Ground Effect due to Periodic Resonant Roughness
The Open University
Tuesday 2 june, 2015, 17:00 - 17:20
0.8 Rome (118)
Traffic noise is an ever-increasing problem due to the gradual urbanisation and growing popularity of motorised means of travel. Land between roads and nearby noise-sensitive receivers can be used to support a series of low-rise roughness structures as an alternative to conventional earth berms and noise barriers. Through measurements in an anechoic chamber and numerical computations using a two-dimensional boundary element method, we have investigated the effect of periodic roughness elements above a smooth hard surface on sound propagation.

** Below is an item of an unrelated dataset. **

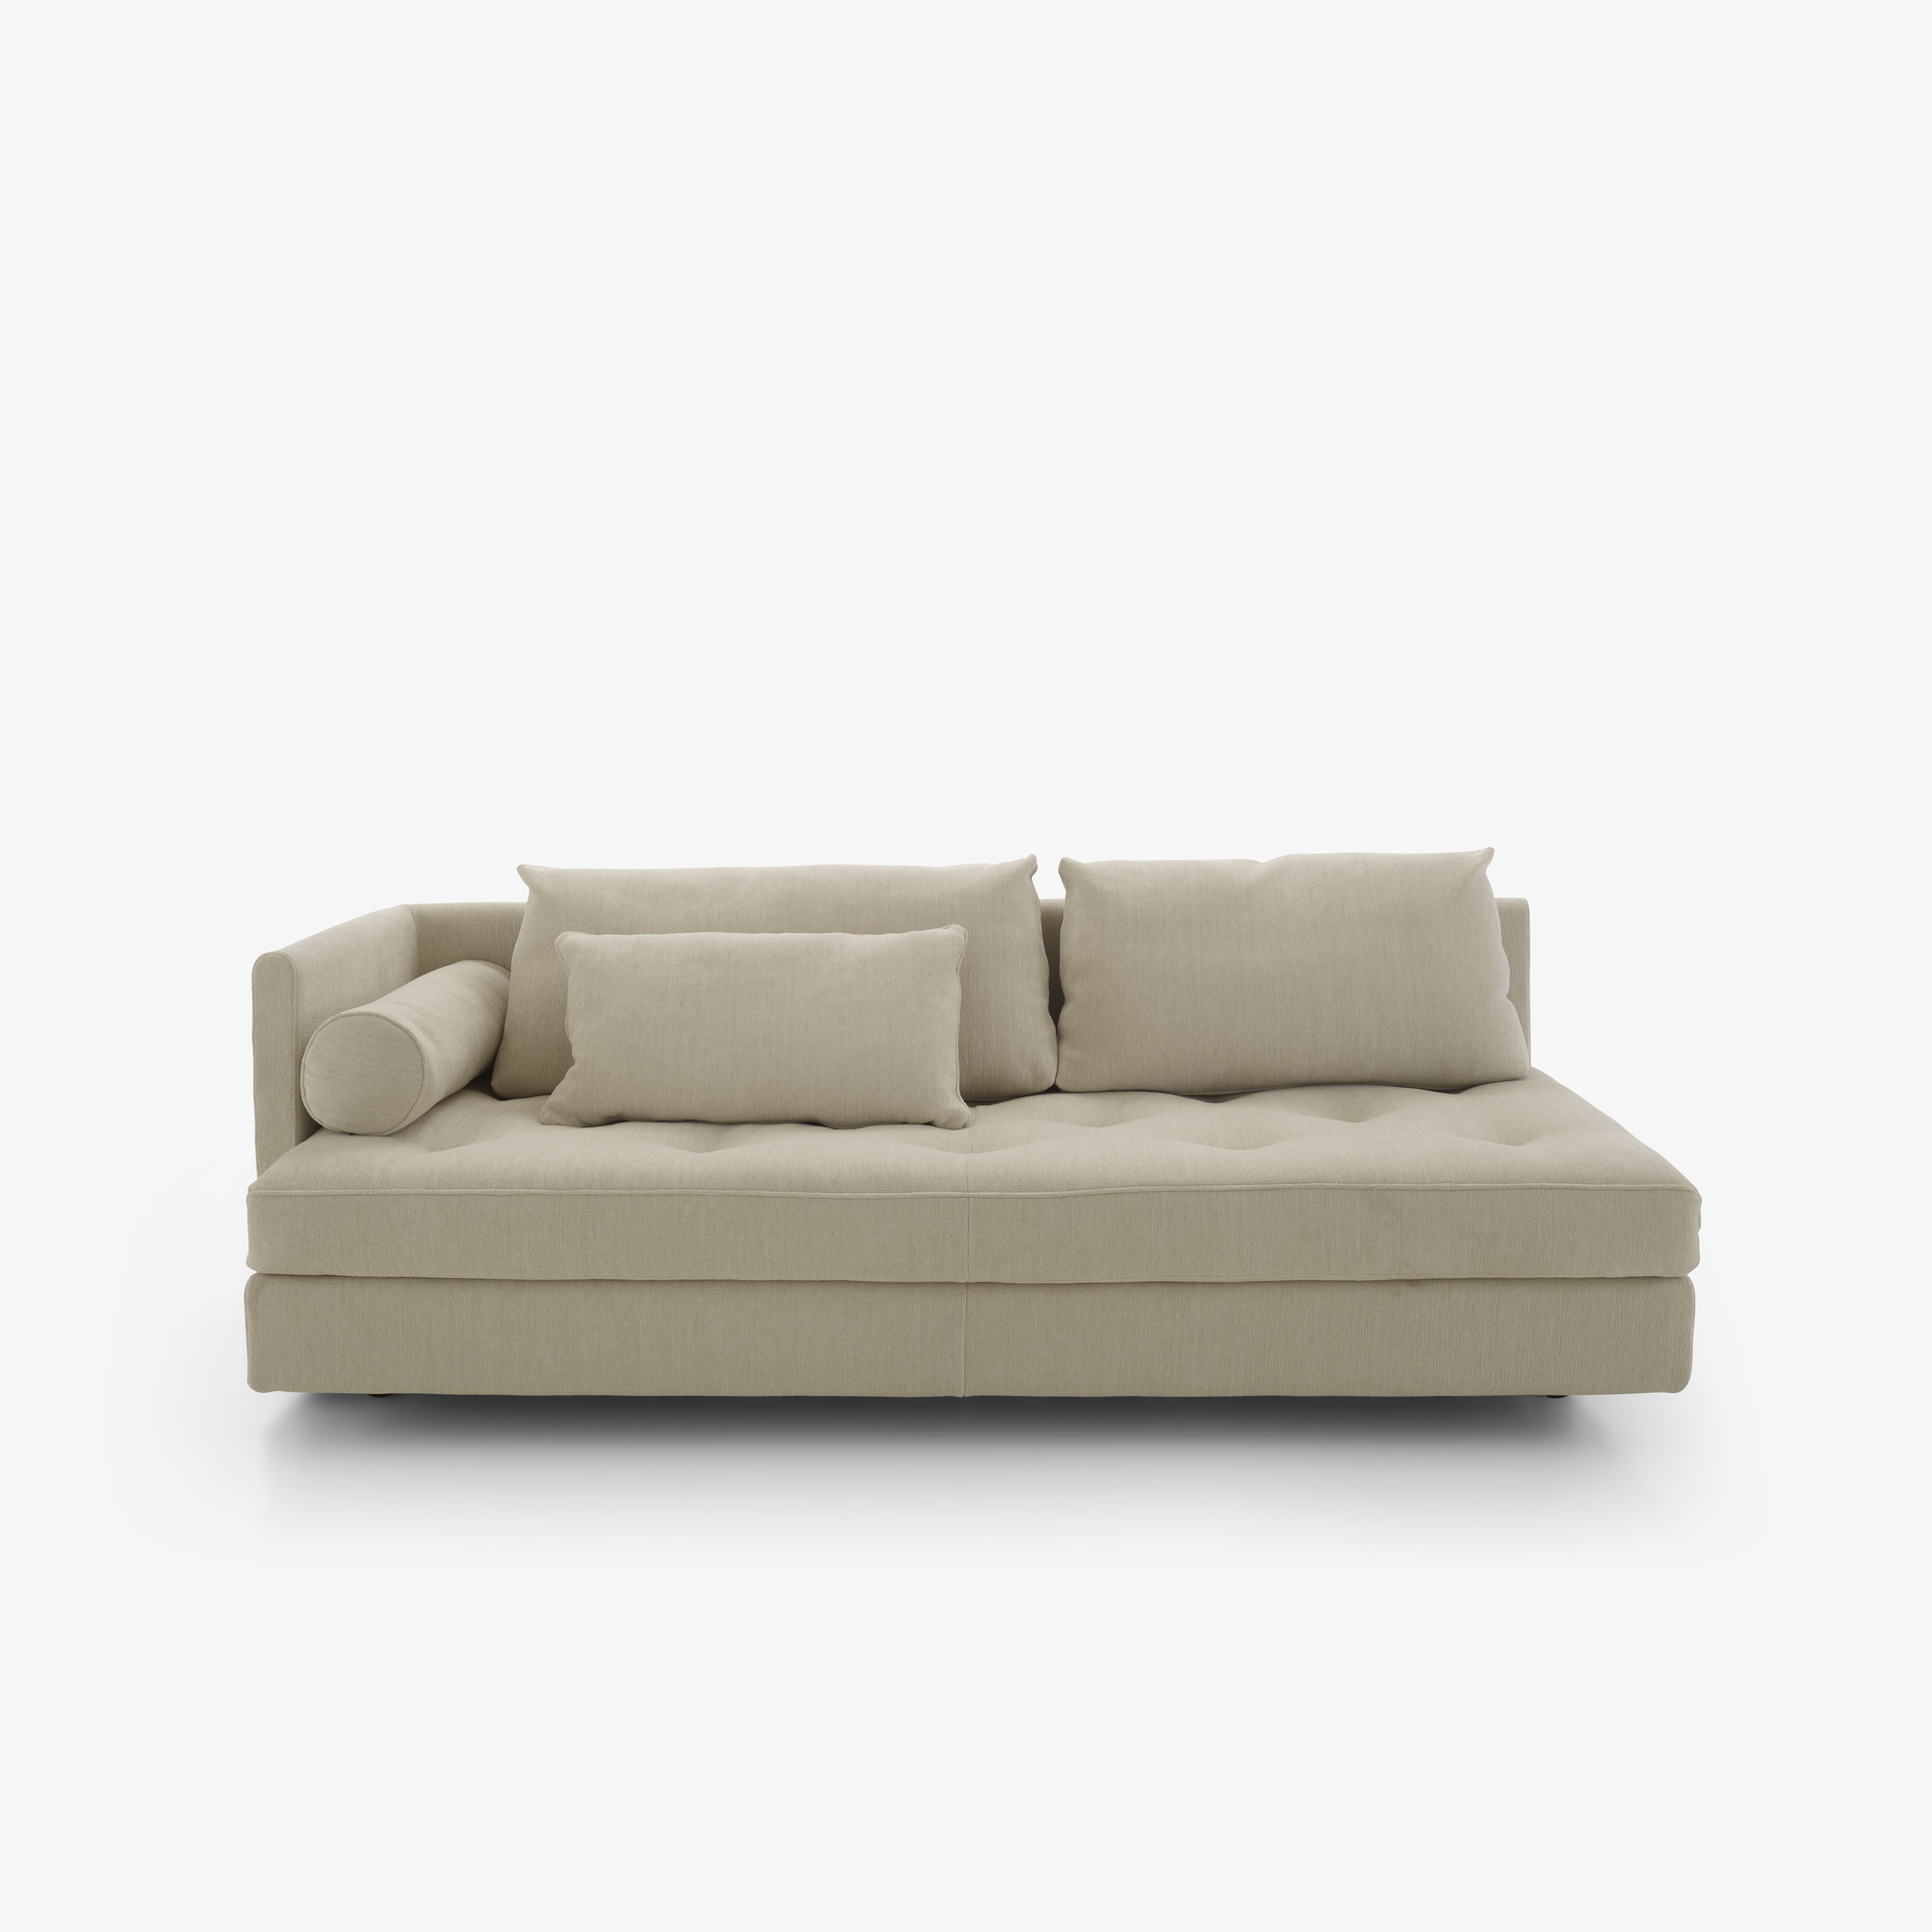 Image LARGE 1-ARMED SETTEE

First, an array of solid rectangular roughness structures was studied to investigate the effect of the periodicity-induced diffraction. The broad- band insertion loss with reference to smooth hard surface was found to be considerable for near-grazing incidence. However, at frequencies below the first roughness- induced destructive interference, negative insertion loss was also observed both experimentally and numerically due to the creation of surface waves by the roughness elements. To improve the insertion loss in this low-frequency range, we have investigated the use of hollow resonant elements with slit openings constructed from pairs of aluminium angles, and observed the desired effect while maintaining the insertion loss at higher frequencies. Also we have created doubly-resonant roughness elements by inserting pairs of smaller aluminium angles within the larger structures and have measured associated multiple resonances. At near-grazing incidence, the doubly-resonant roughness array is found to produce a 3 dB increase in insertion loss compared to the array of single- resonance structures.